Identifying with the poor would allow the new pope to give visible evidence of Catholicism's deep-seated suspicions of modern consumer capitalism. Capitalism values thrift and aggressiveness, its heroes are the protean, self-made men of industry. It thrives on competition.

But Christians follow Jesus Christ, whose grace is gratuitous, not thrifty, whose life was characterized by contemplation, not aggression. Jesus was not a self-made man but radically dependent on his Father's will.

Jesus, and the church that Catholics believe he founded, valued solidarity more than competition. He characterized his ministry as bringing good news to the poor. Benedict XVI was not shy about criticizing capitalism in his writings. We need a pope who will critique it by his actions.

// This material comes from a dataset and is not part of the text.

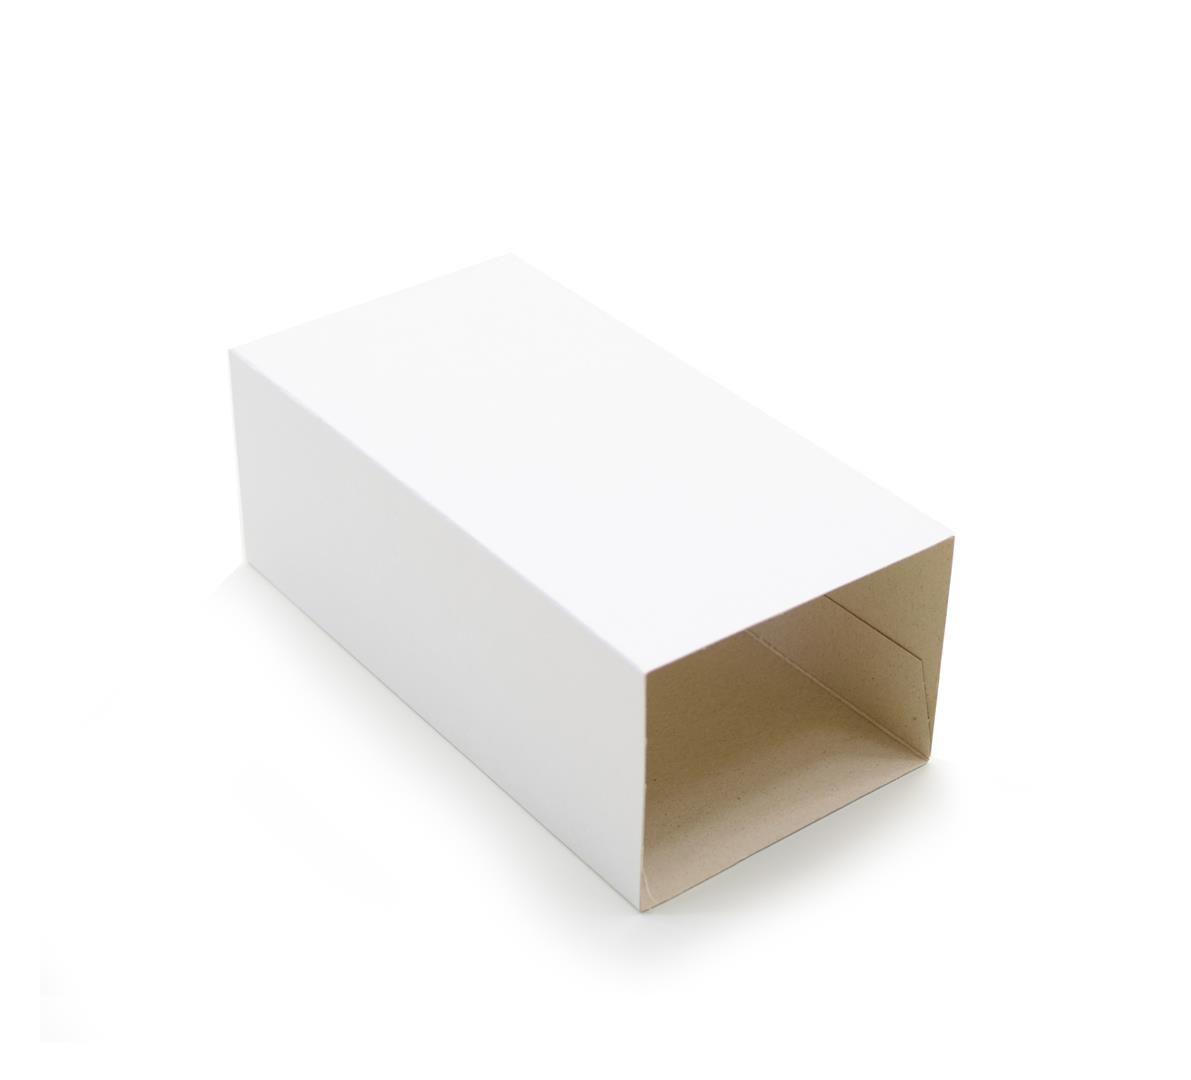 T029 - Tampa - 8,5x4,4x6,5 cm - Branca
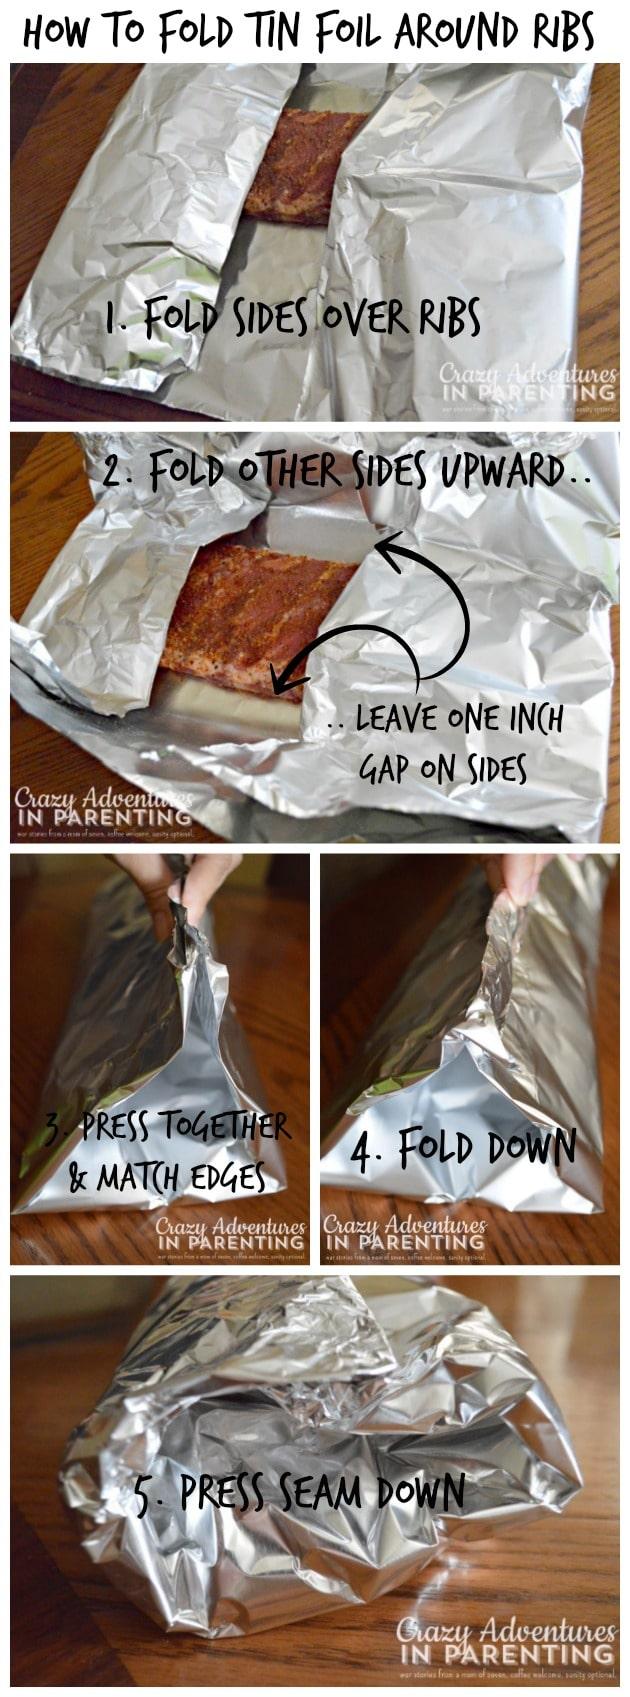 How to Fold Tin Foil Around Ribs

Asked what kind of leadership she wanted in the next pope, Peggy Noonan, who writes a weekly opinion column for the Journal, said he “should be a man who can greet the world with a look of pleasure on his face, with a smile of joy.”

If Winters and Noonan have already gotten their wishes fulfilled, author George Weigel, it seems, might not have. He called for a culture warrior pope, a man who could drive home the message of the virtues of democracy. “Democracy,” he wrote, “is more than the institutions of democracy; it takes a certain kind of people, living certain virtues, to make democracy work. That's been the teaching of the last two popes, and the next pope should drive home that message.”

For his part, author James Carroll wrote the church needs a pope, who, like, Mikhail Gorbachev, who could dismantle a dysfunctional institutional. “The man who steps into the Shoes of the Fisherman should be a leader who can do for the church what the last general secretary of the Communist Party did for the Soviet Union. ... The new pope must do as Mr. Gorbachev did—challenge his ruling elite, lay bare his power center's secrets and sideline the bureaucracies that oppose reform.”

We’ll have to wait to see on this one.